Los chillidos de las bestias tras la barrera atrajeron su atención. Estaban alebestrados e inquietos. Su batalla contra la Red de Cristal era más intensa con el paso del tiempo y la potencia con la que atacaban incrementaba también. El número de criaturas había incrementado y, pronto, se hallaron rodeados de ellas.
Naia había comenzado a temer lo peor.
—¿Por qué no ataca? —Quiso saber.
El tiempo que Calíope llevaba ahí, mirándoles sin moverse, parecía haberse extendido hasta la eternidad. Asterión buscaba respuestas con tanta rapidez como podía.
—Mierda, ¡tenemos que atacarla! ¡Reúne energía de los monstruos! —exclamó el santo—. ¡Ataque del Millón de Fantasmas!
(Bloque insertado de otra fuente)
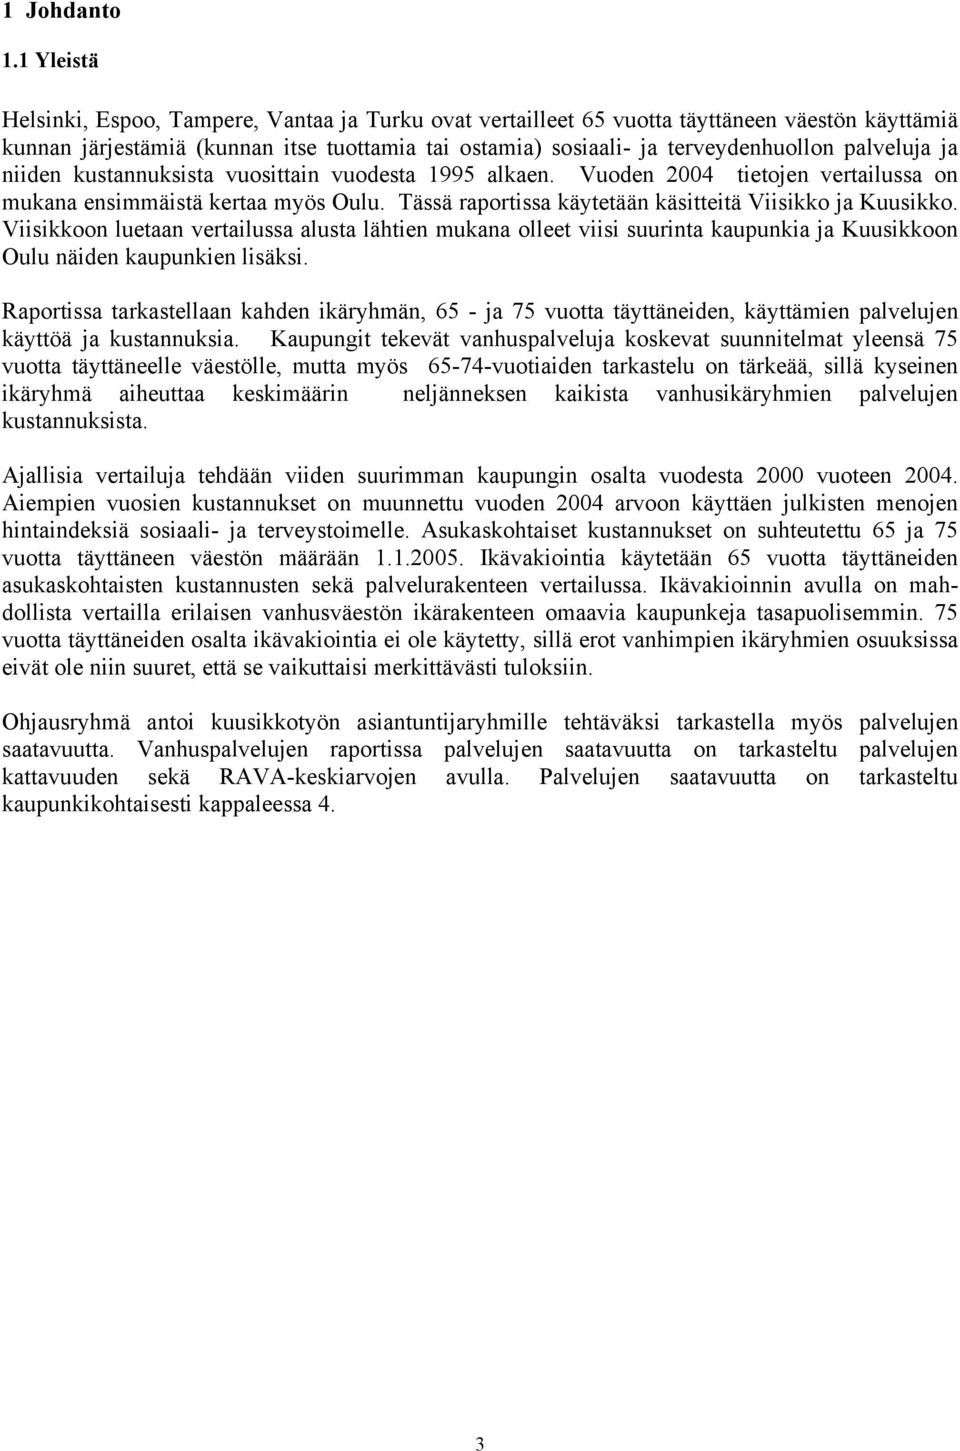 palveluja ja niiden kustannuksista vuosittain vuodesta 1995 alkaen. Vuoden 2004 tietojen vertailussa on mukana ensimmäistä kertaa myös Oulu. Tässä raportissa käytetään käsitteitä Viisikko ja Kuusikko.

Convocó su técnica y se lanzó al ataque. Sus decenas de clones treparon por las murallas de piedra para alcanzarla.
Desde lo alto de las almenas, la manticora rugió de nuevo. Abrió sus alas y descendió en picada contra ellos. Con las fauces abiertas y las garras aflorando, destruyó a cuanto clon se atravesó en su camino. Sobre su lomo, Calíope se mantuvo impasible, mientras las bestias al otro lado de la Red de Cristal golpeaban con más fuerza, sin importarles el daño que recibían.
Naia los miró de soslayo, no podría contenerlos mucho tiempo.
—¡Niebla de Estrellas!
La tormenta de polvo estelar se levantó como un tornado, arrasando con todo a su paso. Se alimentó del suelo árido de Ilión para crear un torbellino de polvo y arena que hería a los ojos. En un instante, la Niebla de Estrellas los había devorado a todos en el caos de su presencia.
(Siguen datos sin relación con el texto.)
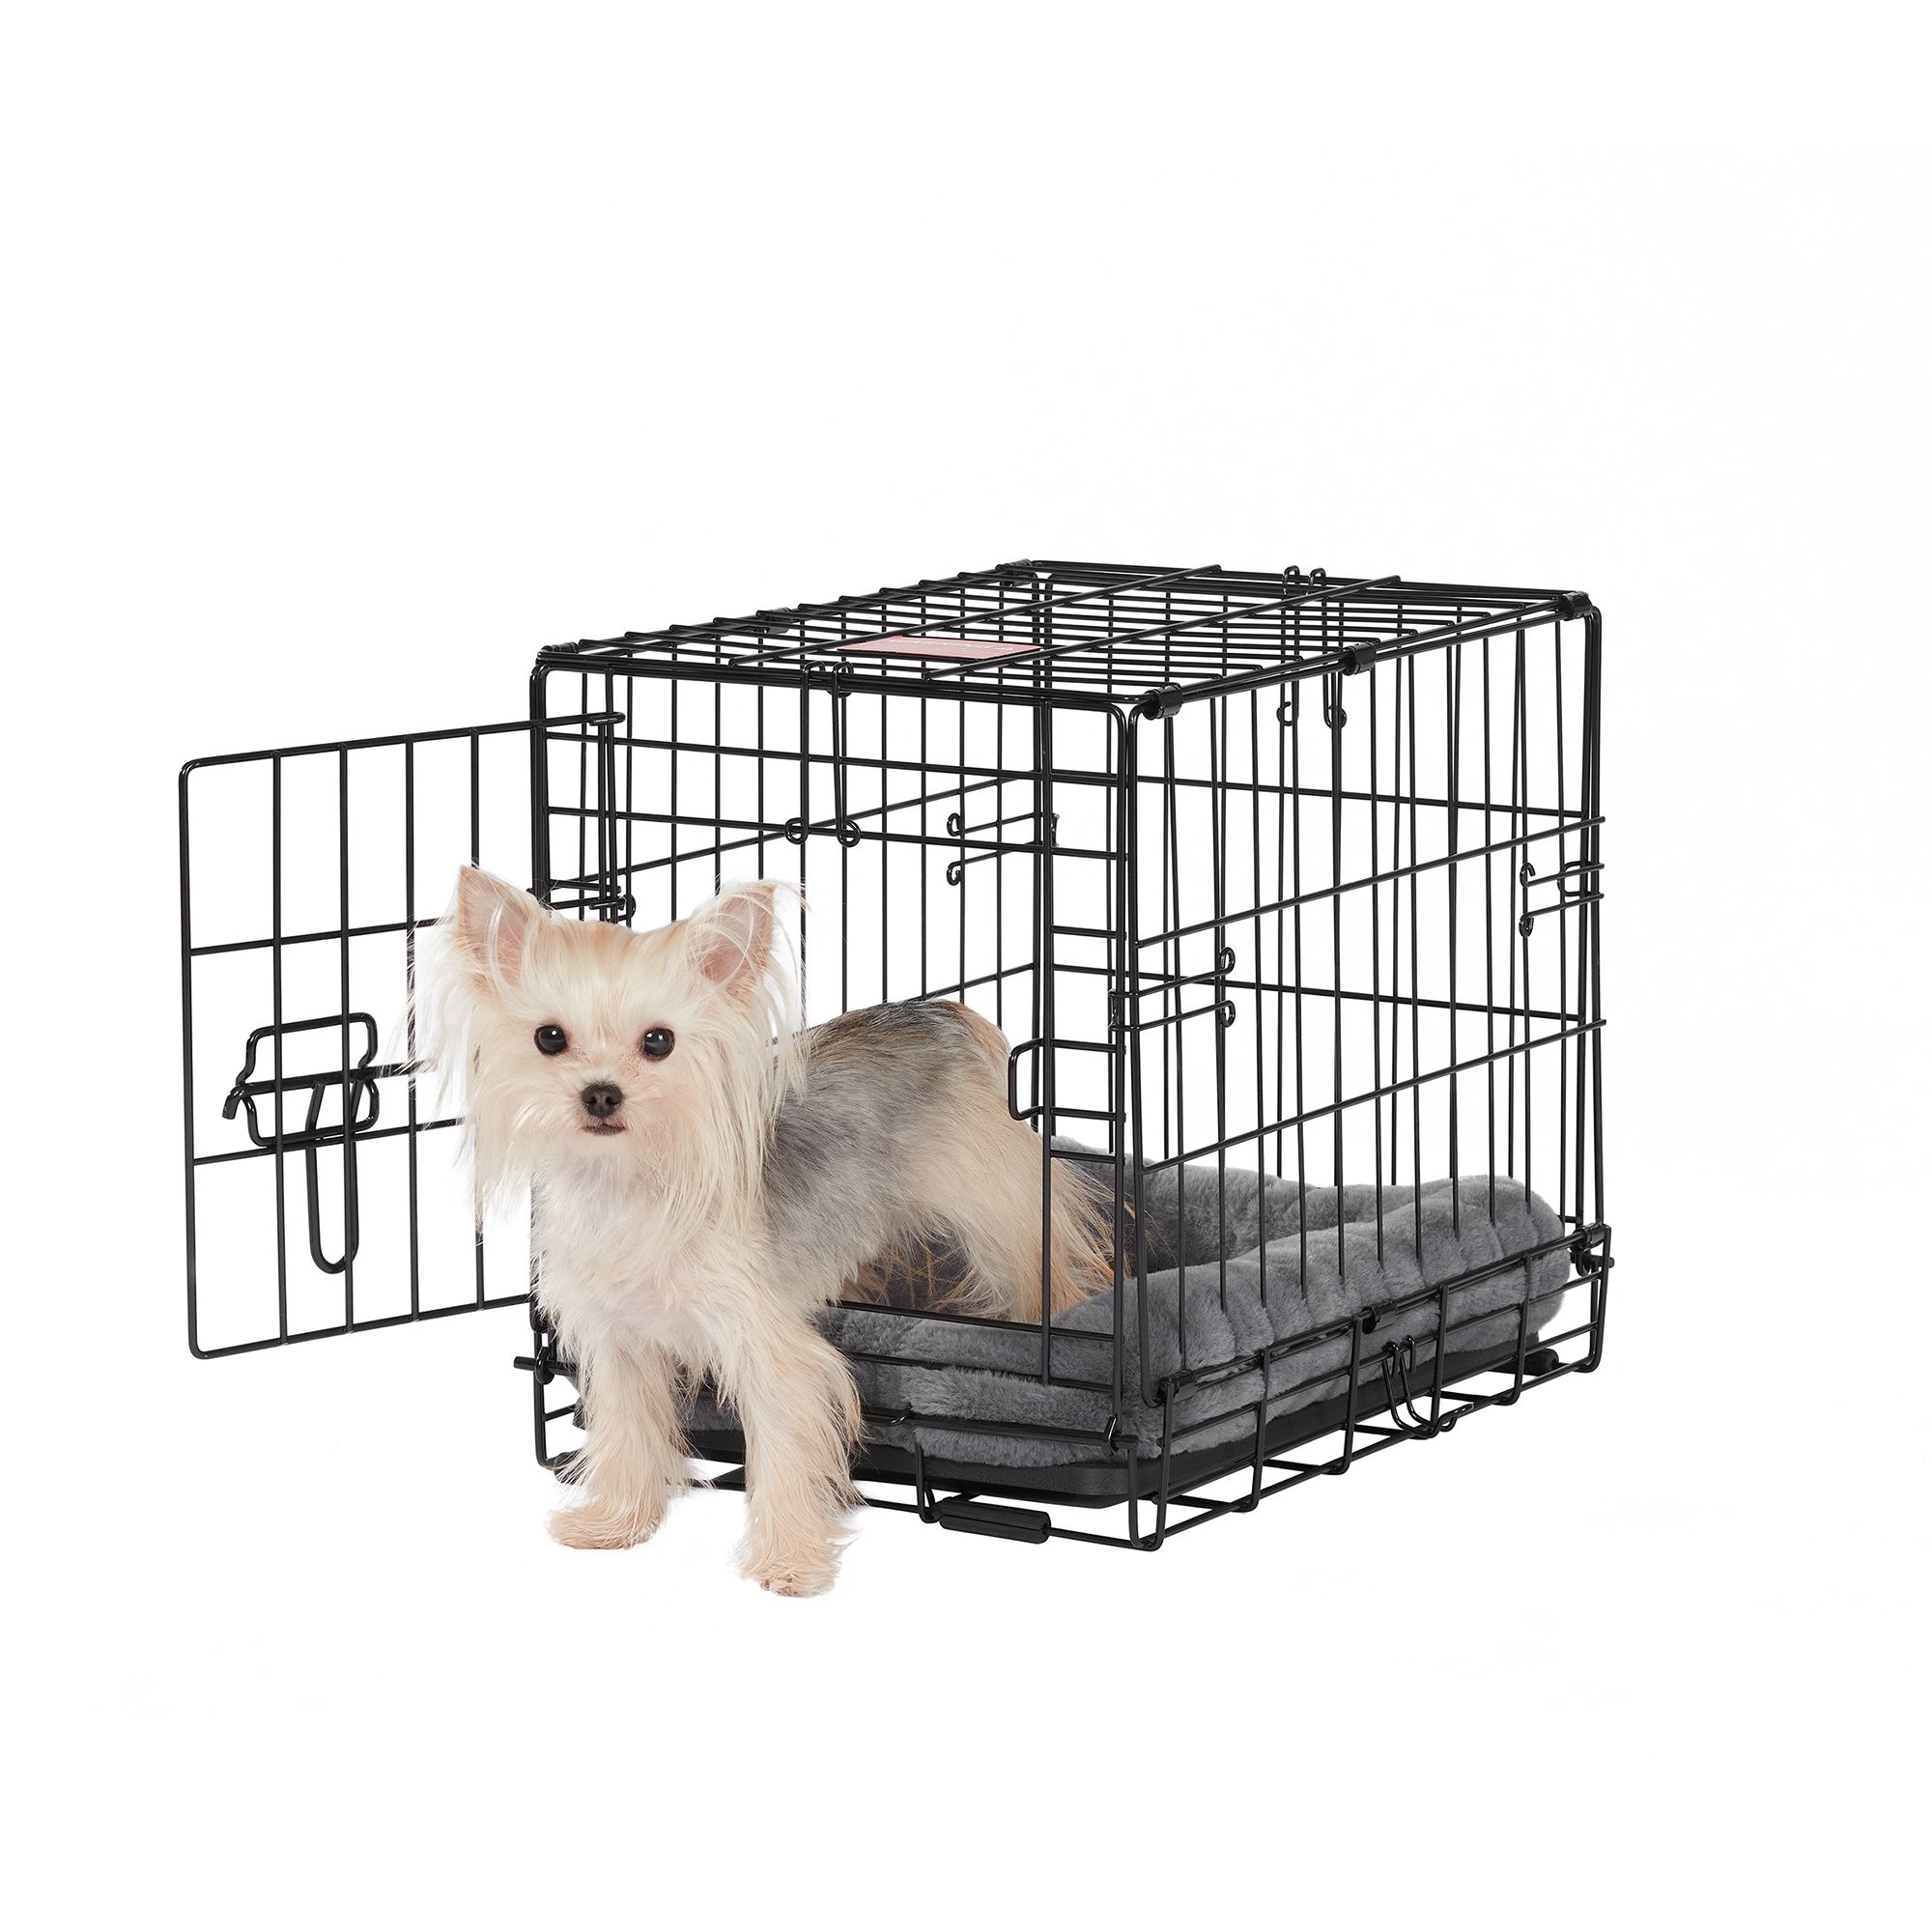 Dog Crates - Dog Cages & Kennels | PetSmart

Bajo la protección de la neblina estelar, Naia deshizo la Red de Cristal. Libres, los monstruos cargaron en su contra, intentando encontrarlos en medio de la polvareda. Pero ellos no tenían cosmos, no podían sentirlos del modo en que el santo y la amazona los sentían a ellos. Así que, desorientados y perdidos, pasaron de cazadores a ser presas.
—¡Lluvia de Estrellas!
Con golpes y patadas, Naia se unió a la refriega. Junto con los clones de Asterión, se dedicó a destruir a cuanta bestia podía.
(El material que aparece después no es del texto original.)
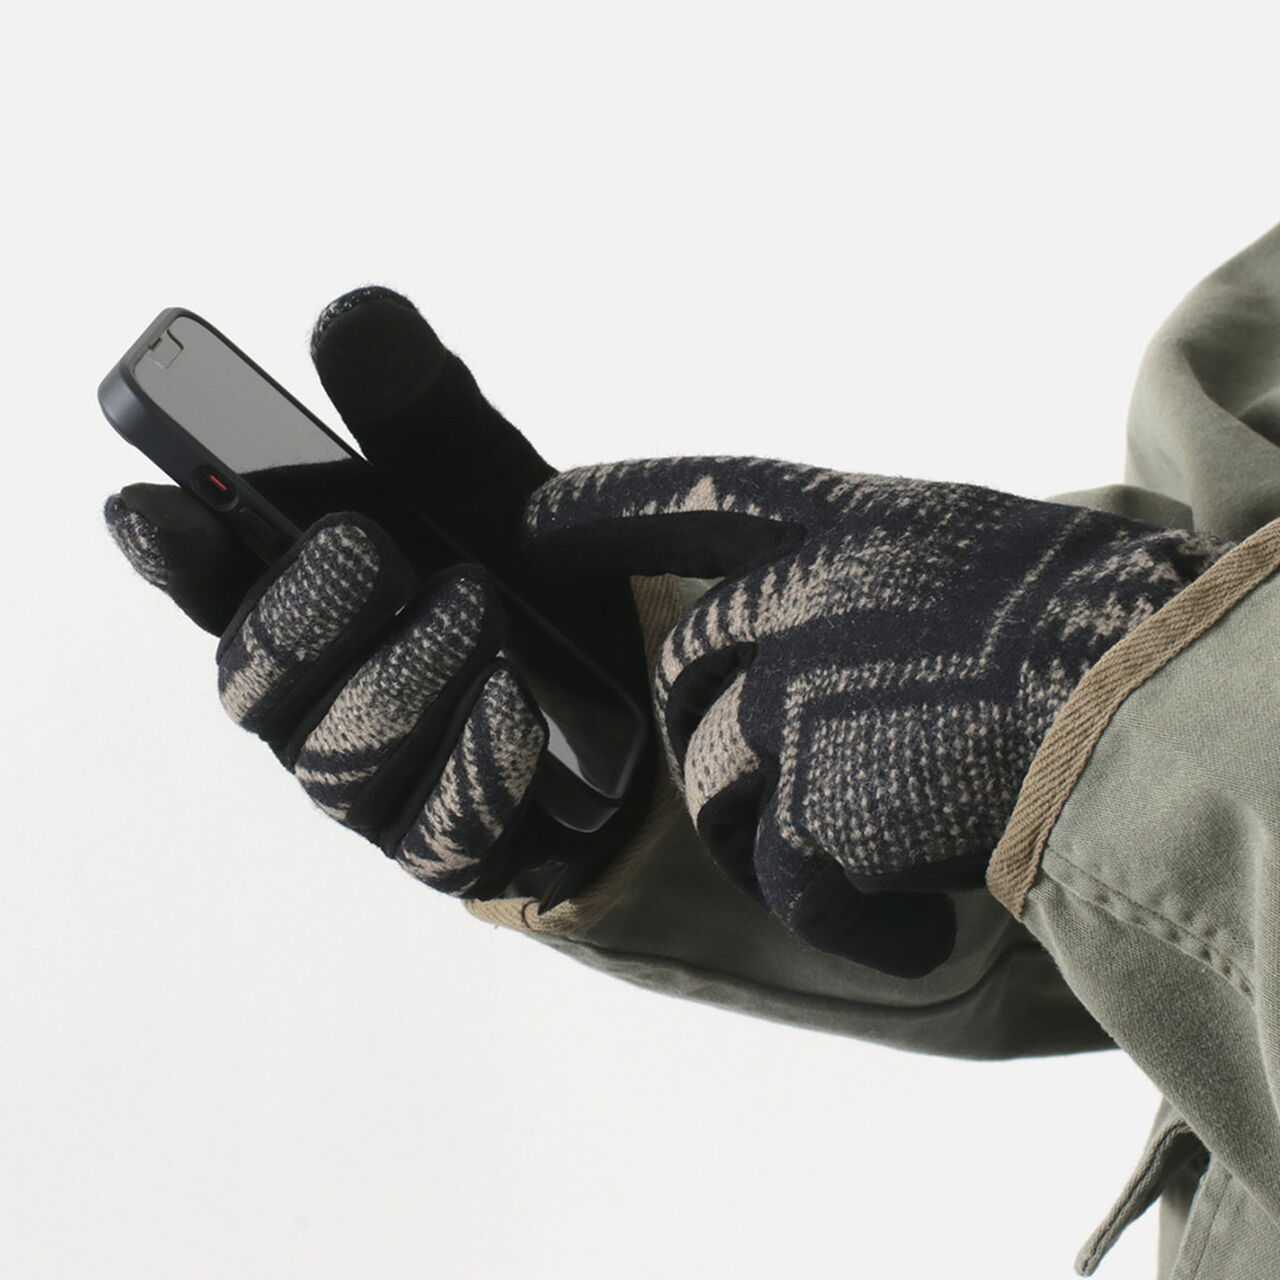 PENDLETON Wool gloves

Se esforzó al máximo, haciendo arder su cosmos hasta el extremo. Era una amazona, era capaz, era fuerte. Lo haría por todas las personas que, al lado de ella, lo arriesgaban todo. Especialmente por Saga y por Aioros. Si ellos podían sacrificarlo todo por ellos, entonces Naia sabía que ella podía corresponderles.
De pronto, en medio de la polvareda, un par de ojos rojos y brillantes se fijaron sobre ella. Su instinto le gritó que tuviera cuidado, que el peligro estaba cerca.
Alcanzó a meter los brazos para protegerse del embate de aquella criatura en su contra. Su armadura resistió lo suficiente ante las poderosas garras del enemigo. Sin embargo, no pudo evitar que la fuerza del monstruo la hiciera retroceder. Fijó los pies en el piso para tratar de detener la inercia de su empuje. Apretó los dientes y levantó la mirada.
—¡Tú!
Era Calíope. Su rostro inmaculado y hermoso había demeritado en el rostro de un monstruo. Su piel se había tornado ceniza; su boca, distorsionada por la rabia mostraba colmillos y sus ojos, inmutables, ahora clamaban por sangre. En su espalda, alcanzó a distinguir las alas de un demonio.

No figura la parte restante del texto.